Robert-Zacchigna commented 1 year ago

hmm i think this is an issue with your airflow DB, its saying that some records in the "dag_id" table are null which is violating the not-null constraint:

psycopg2.errors.NotNullViolation: null value in column "dag_id" violates not-null constraint

As a result, the process cant complete. My assumption is that the function is first performing some kind of integrity check on the data (in this case the table row) before checking if it needs to be cleared/removed.

Beyond the above, I'd need to see your script (if you modified it in anyway) and/or your DB (don't share the DB, that is not safe from a data protection perspective, I'm just saying where you need to look for problem resolution).

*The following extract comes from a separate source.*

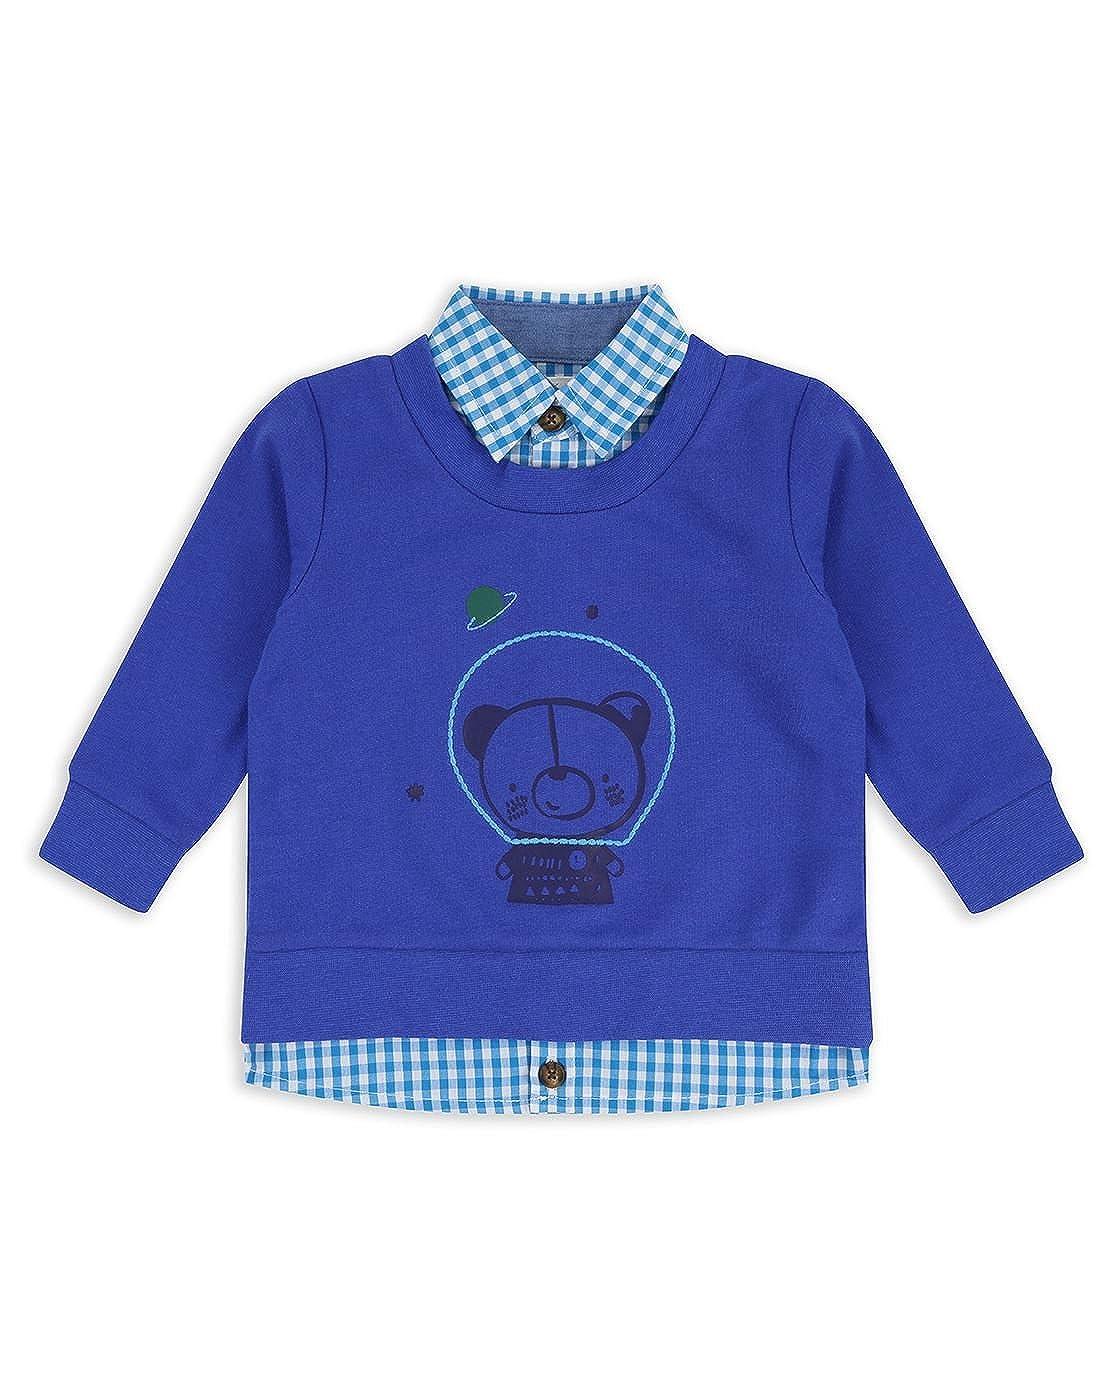 The Essential One Baby Kids Boys Mock Shirt Sweatshirt - Blue - EOT475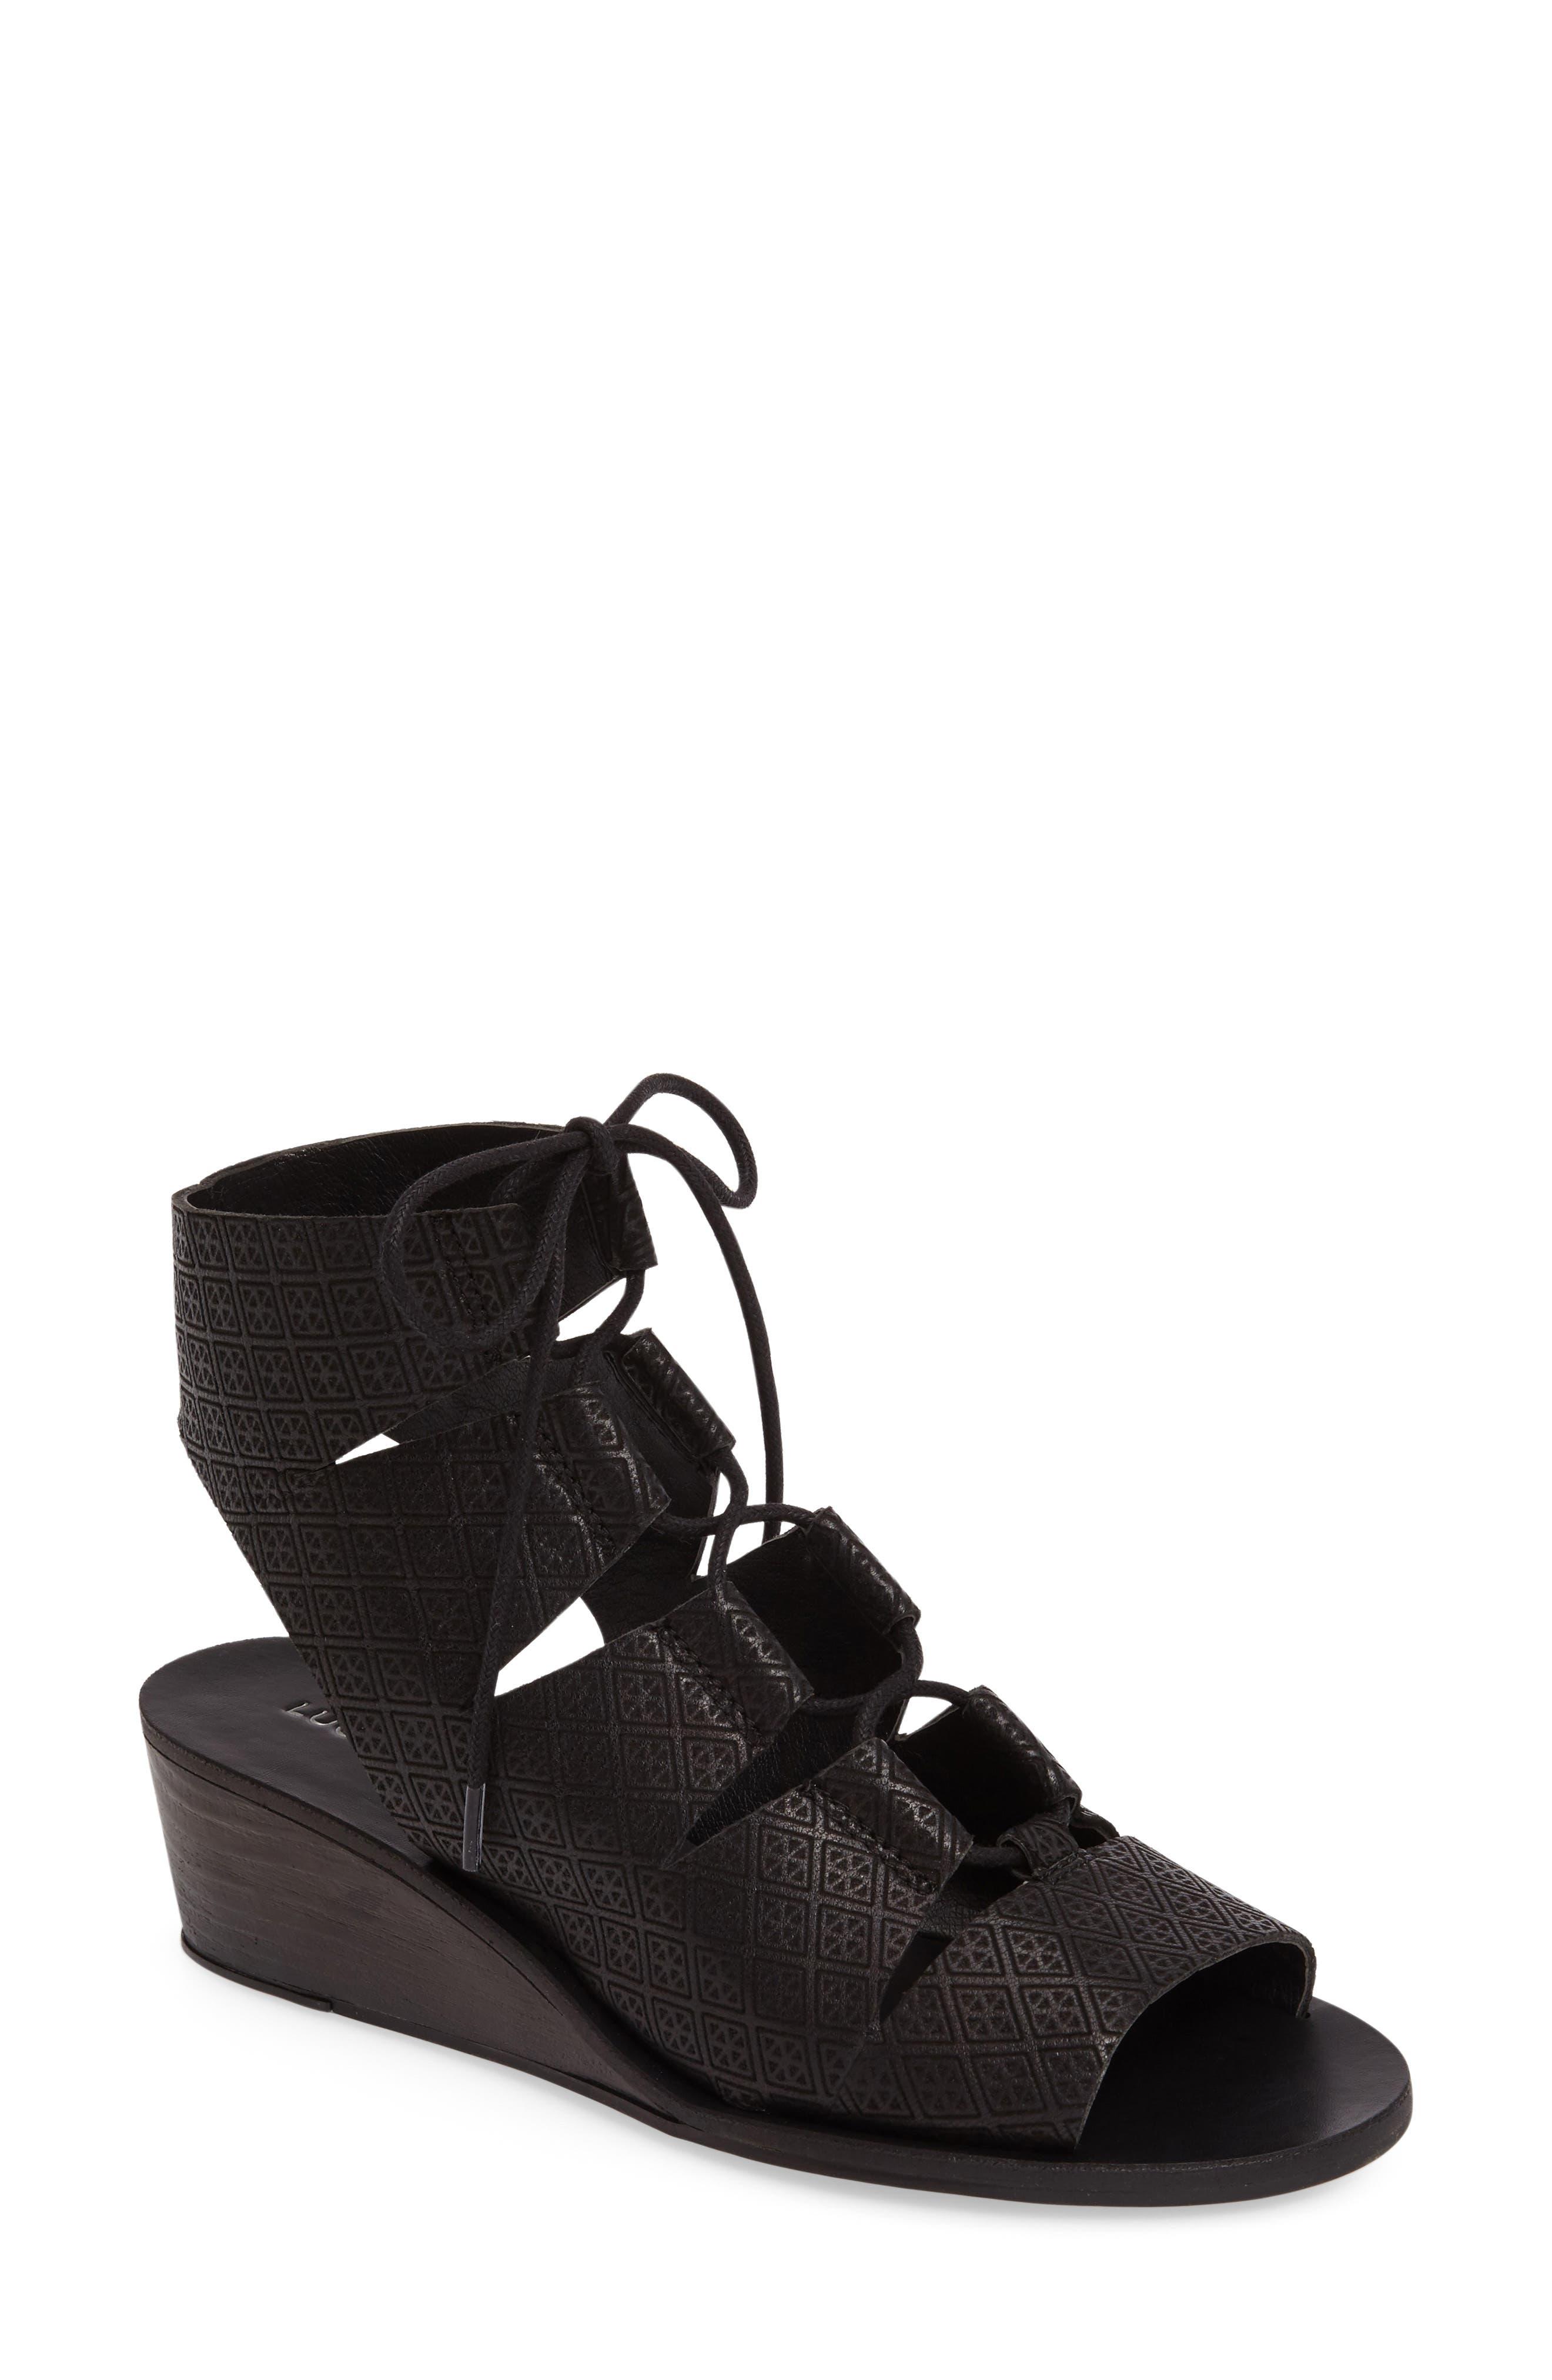 Gizi Wedge Sandal,                         Main,                         color, 001

You could also try checking the status/health of your DB using the airflow CLI, see here: https://airflow.apache.org/docs/apache-airflow/stable/howto/usage-cli.html#cli-db-clean

MAKE A BACKUP OF THE DB FIRST BEFORE MODIFYING THE DB

waardd commented 8 months ago

This solved it for me:

I believe this is a dupe of this: https://github.com/teamclairvoyant/airflow-maintenance-dags/issues/131

Try this as a solution: https://github.com/teamclairvoyant/airflow-maintenance-dags/issues/131#issuecomment-1470853927

tnx @Robert-Zacchigna Robert-Zacchigna